The authors would like to thank Henk Smit for his review and comments.
[ISO10589] | International Organization for Standardization, "Intermediate system to Intermediate system intra-domain routeing information exchange protocol for use in conjunction with the protocol for providing the connectionless-mode Network Service (ISO 8473)", ISO/IEC 10589:2002, Second Edition, Nov 2002. |
[RFC2119] | Bradner, S., "Key words for use in RFCs to Indicate Requirement Levels", BCP 14, RFC 2119, DOI 10.17487/RFC2119, March 1997. |
[RFC5304] | Li, T. and R. Atkinson, "IS-IS Cryptographic Authentication", RFC 5304, DOI 10.17487/RFC5304, October 2008. |
[RFC5310] | Bhatia, M., Manral, V., Li, T., Atkinson, R., White, R. and M. Fanto, "IS-IS Generic Cryptographic Authentication", RFC 5310, DOI 10.17487/RFC5310, February 2009. |
[RFC8174] | Leiba, B., "Ambiguity of Uppercase vs Lowercase in RFC 2119 Key Words", BCP 14, RFC 8174, DOI 10.17487/RFC8174, May 2017. |
[I-D.ietf-lsr-dynamic-flooding] | Li, T., Psenak, P., Ginsberg, L., Chen, H., Przygienda, T., Cooper, D., Jalil, L. and S. Dontula, "Dynamic Flooding on Dense Graphs", Internet-Draft draft-ietf-lsr-dynamic-flooding-04, November 2019. |
[RFC Editor: Please remove this section before publication]
00: Initial version.
01: Two notes added in section 3 "Operation".

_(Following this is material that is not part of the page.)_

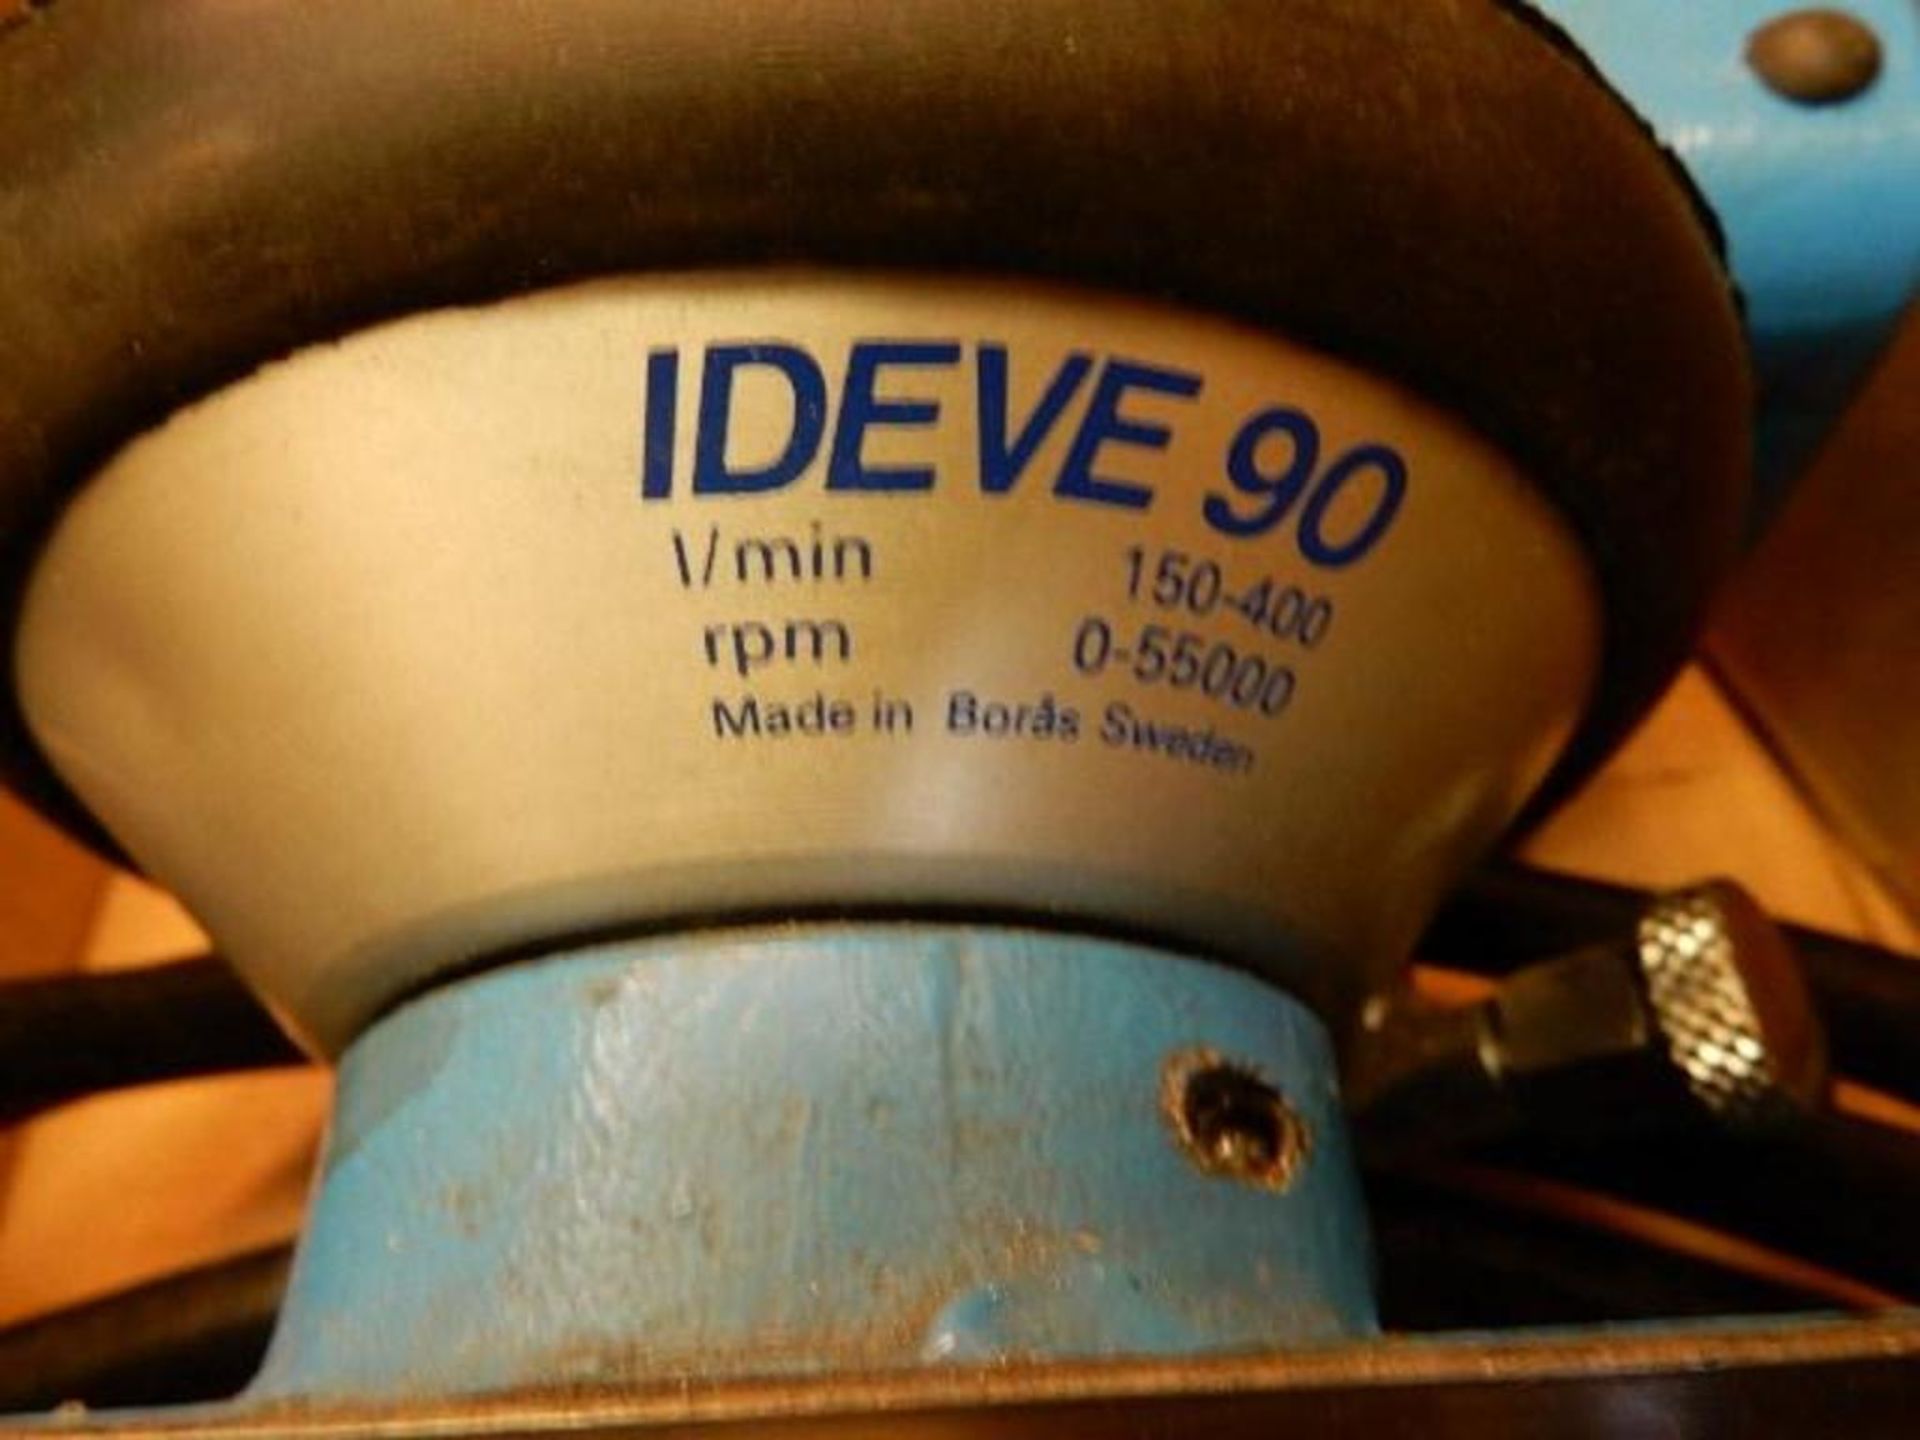 Ideve 90 Pneumatic Bevel Tools - Image 2 of 3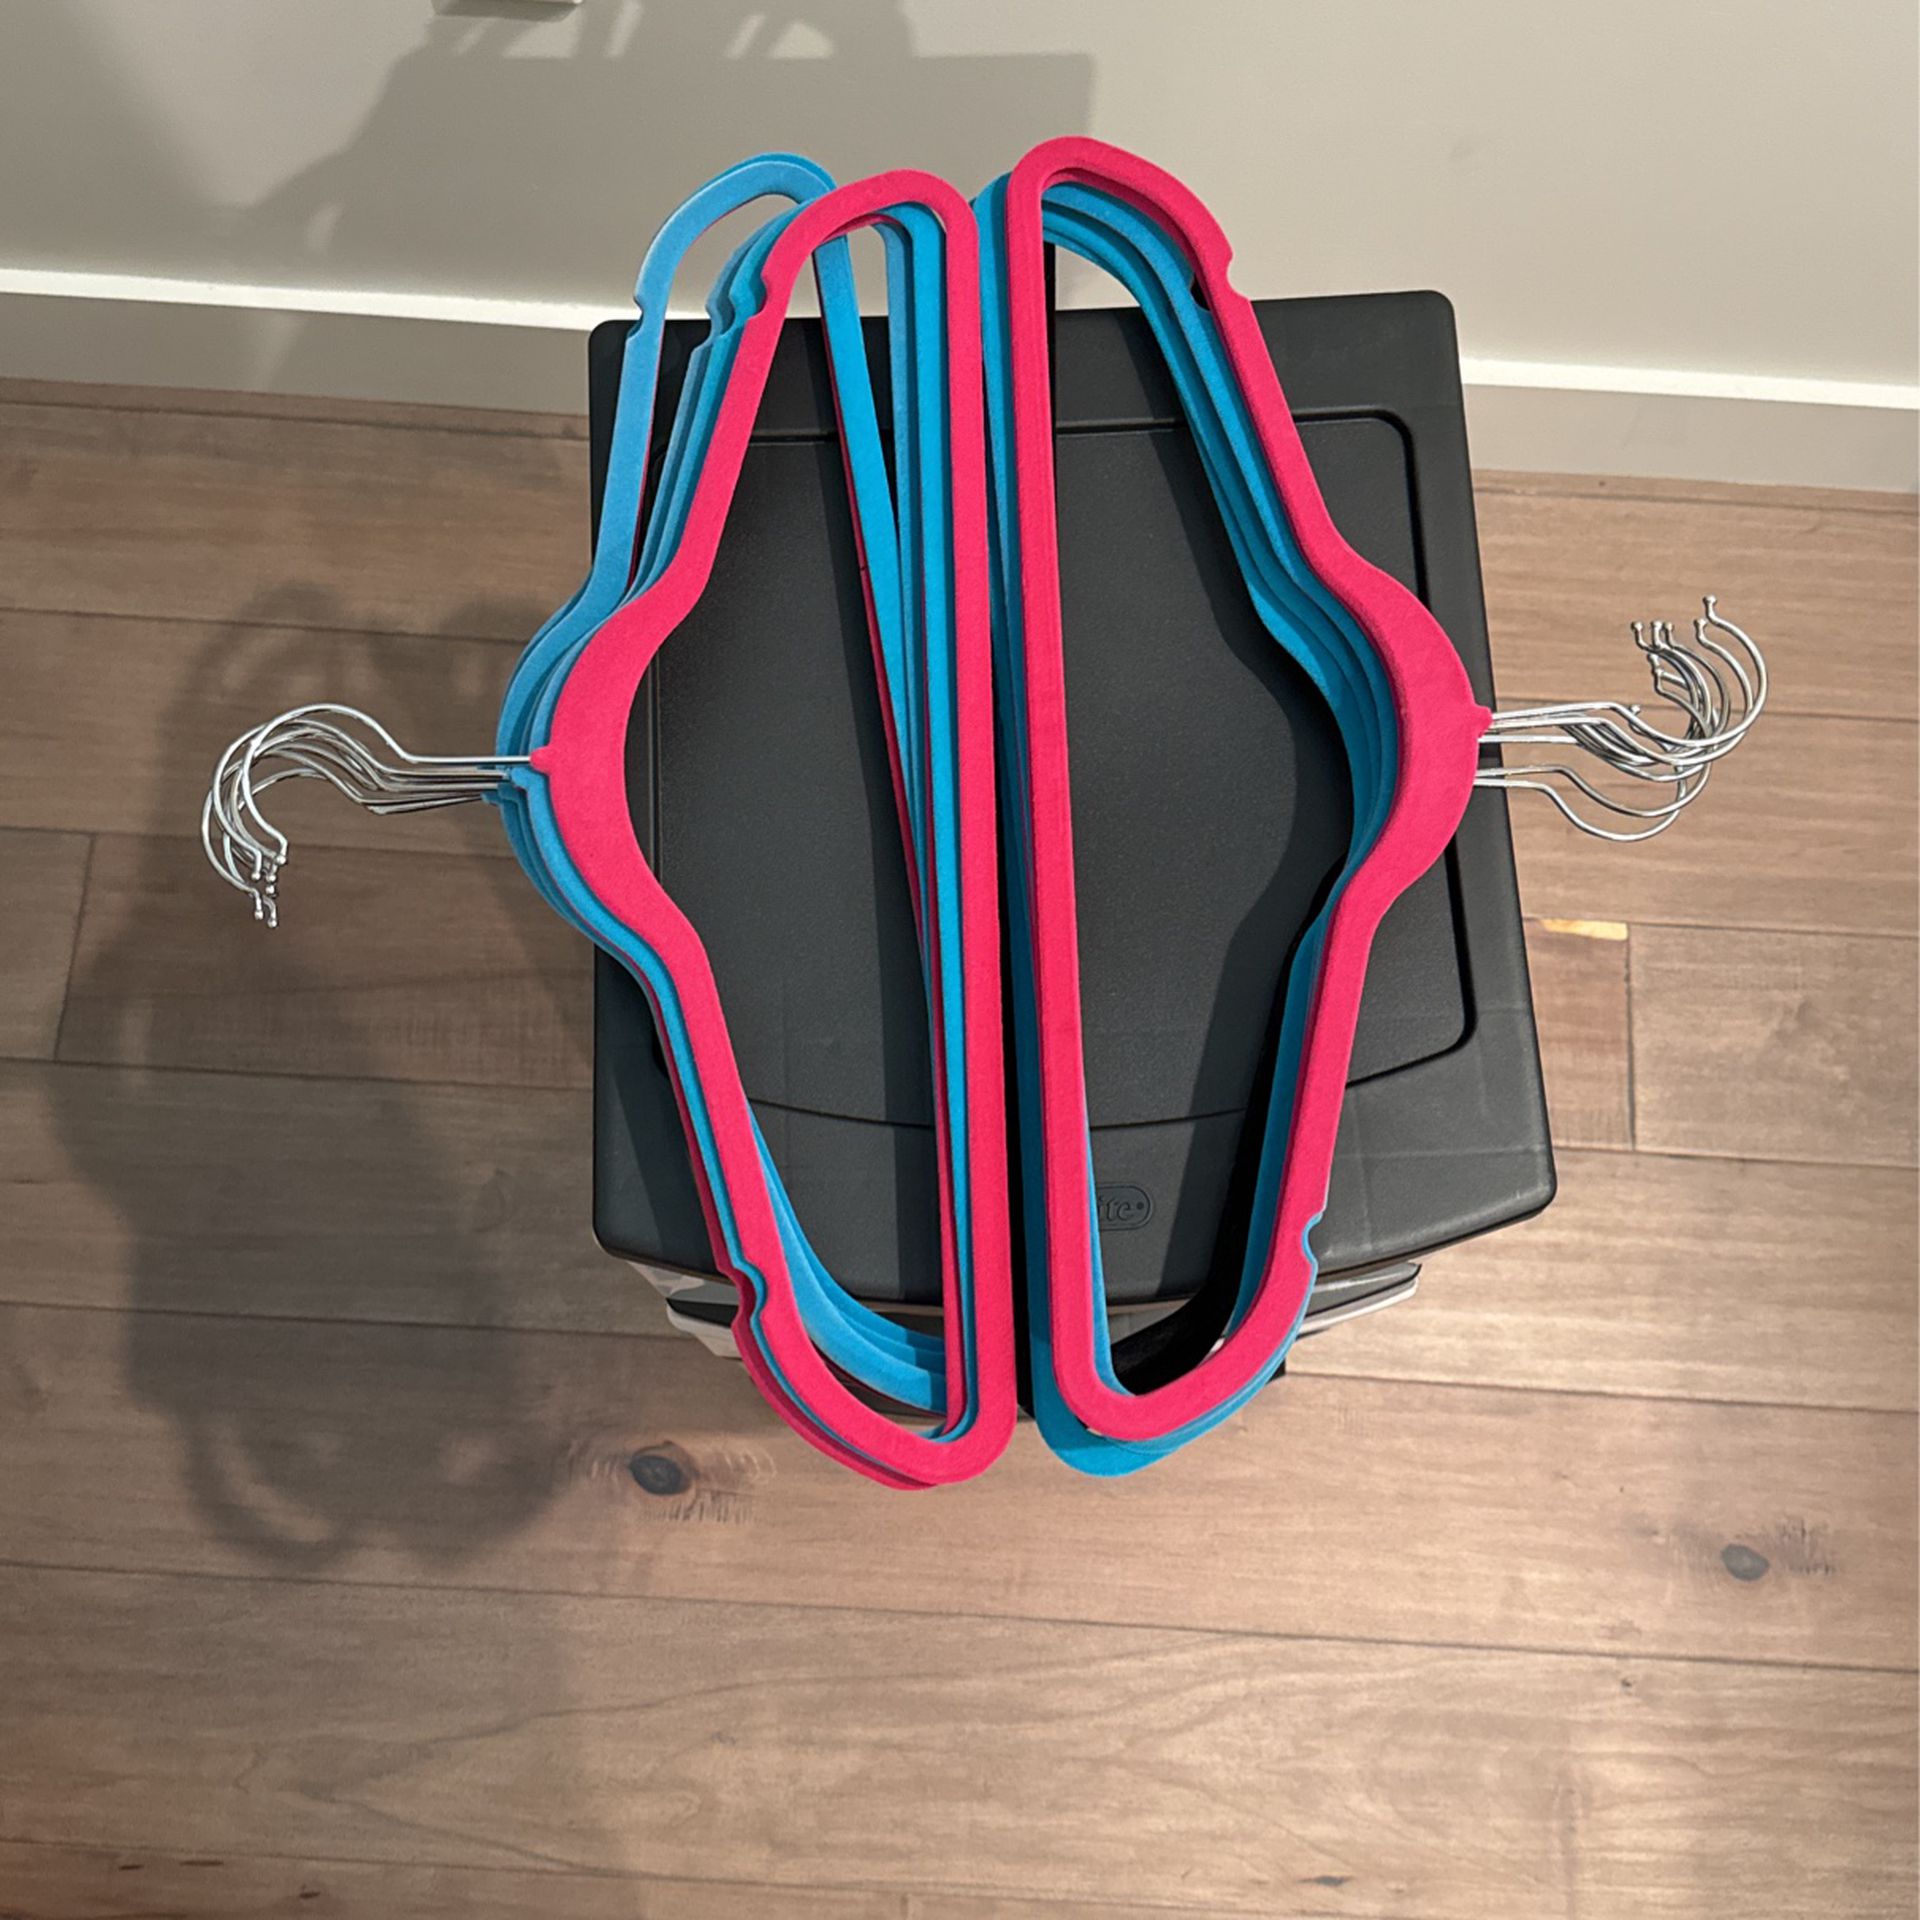 50 Hangers (pink/blue/black)

02: Refresh, no technical change.
03: Flooding Parameters TLV: name changed, moved to SNP rather than Hello, contains sub-TLVs, parameters encoded in 4 octets.
Terminology: upstream/downstream terms removed, in favor of terms from ISO specification (transmitter, receiver); burst-size rename to receive-window.
Significant editorials changes.
New section on the faster acknowledgment of LSPs.
New section on the faster retransmission of lost LSPs.